SKETCH RECOGNITION 2008: November 2008

Tuesday, November 25, 2008

"Multimodal Collaborative Handwriting Training for Visually-Impaired People"

by Beryl Plimmer, Andrew Crossan, Stephen A. Brewster, Rachel Blagojevic

Summary

This paper presents McSig, a multimodal collaborative handwriting training system for the visully-impaired people.

The teacher can teacher visully-impaired students how to write in three ways: 1) verbal communication to give guidence and explain concepts. 2) the teacher use a Tablet PC to draw, and her movement is echoed to the PHANTOM on the student side (Playback mode), and 3) Stencil mode - allow students to write shapes themselves with constraining forces to guide their movements. Multi-stroke characters and multiple repetition of single-stroke characters are discerned by using time-out, if strokes are drawn within 1sec interval, they belong to the same character.

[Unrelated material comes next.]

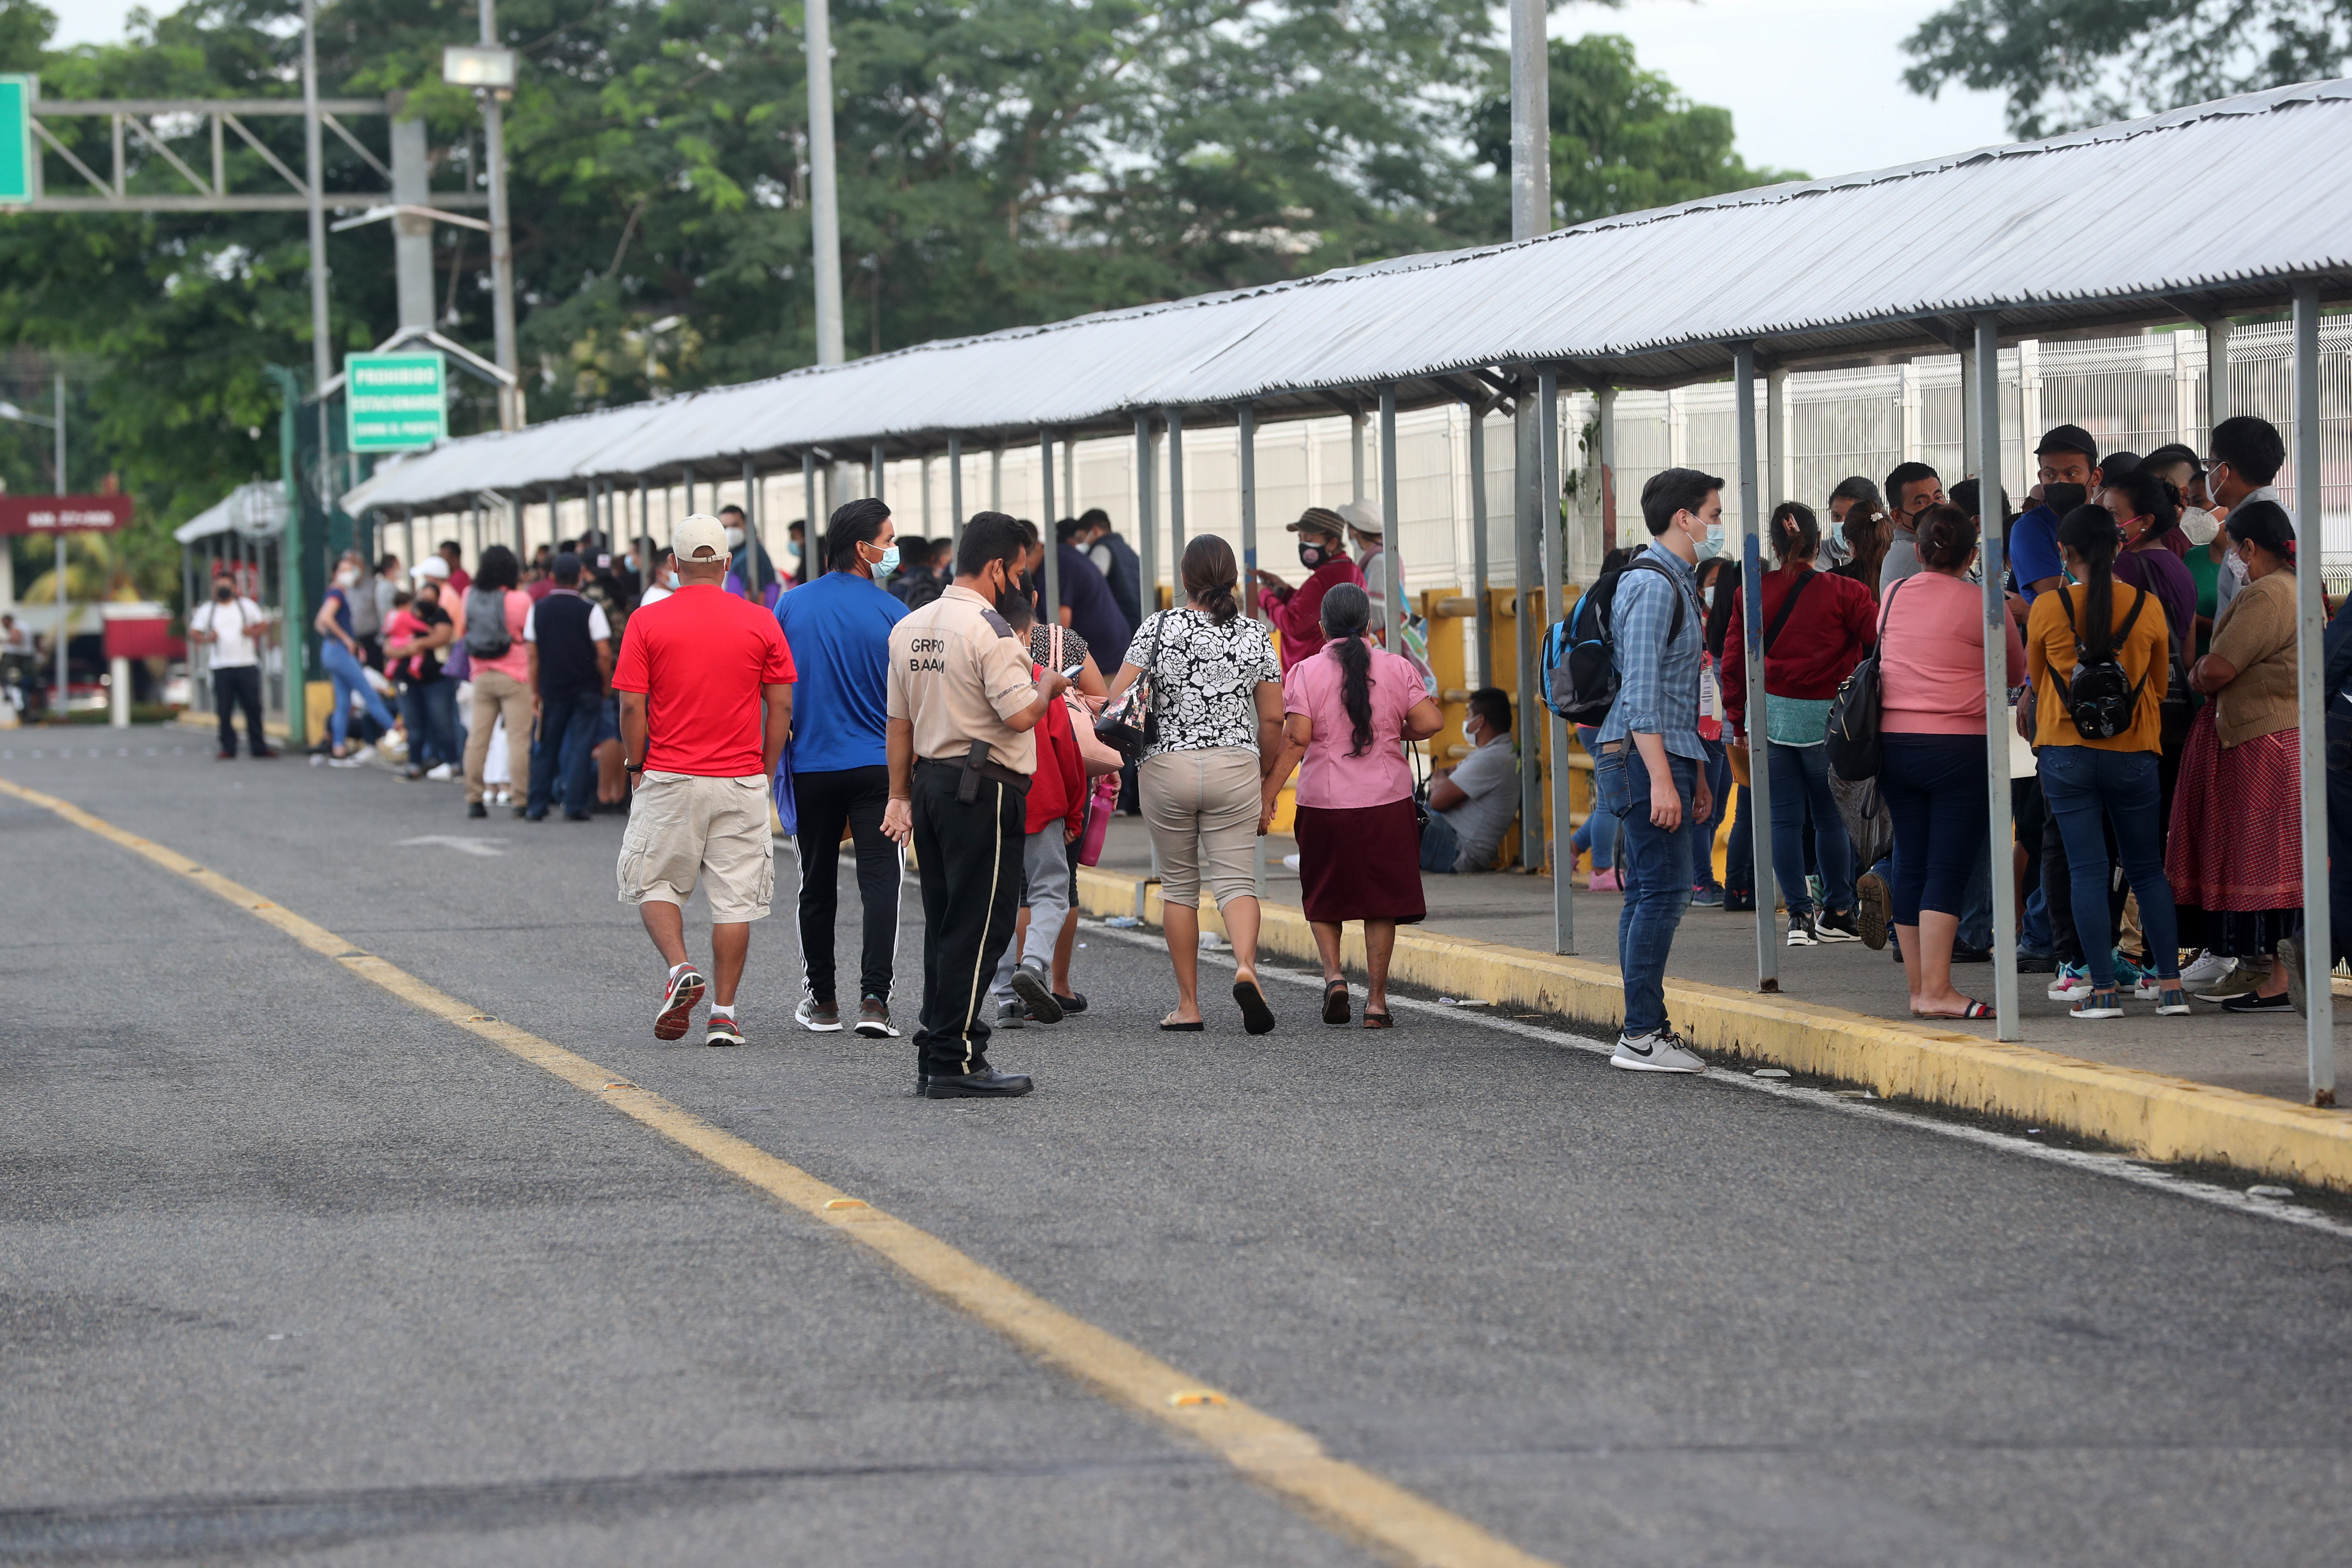 Guatemaltecos viajan a Tapachula para ser vacunados contra el covid-19. (Foto Prensa Libre: Hemeroteca PL)

The system is also audio aided. They mapped a pitch of a sinusoidal to vertical movements, and audio pan to horizontal movments. A high pitch indicates that the cursor is near the top of the drawing area, while a low pitch indicates that the cursor is near the bottom. Distinct sounds are played at the start and end of the teacher's trajectory.

PID controller is used to minimise the error between the current value of a system and a target value. The user will be dragged through a close approximation of the trajectory in a smooth and stable manner.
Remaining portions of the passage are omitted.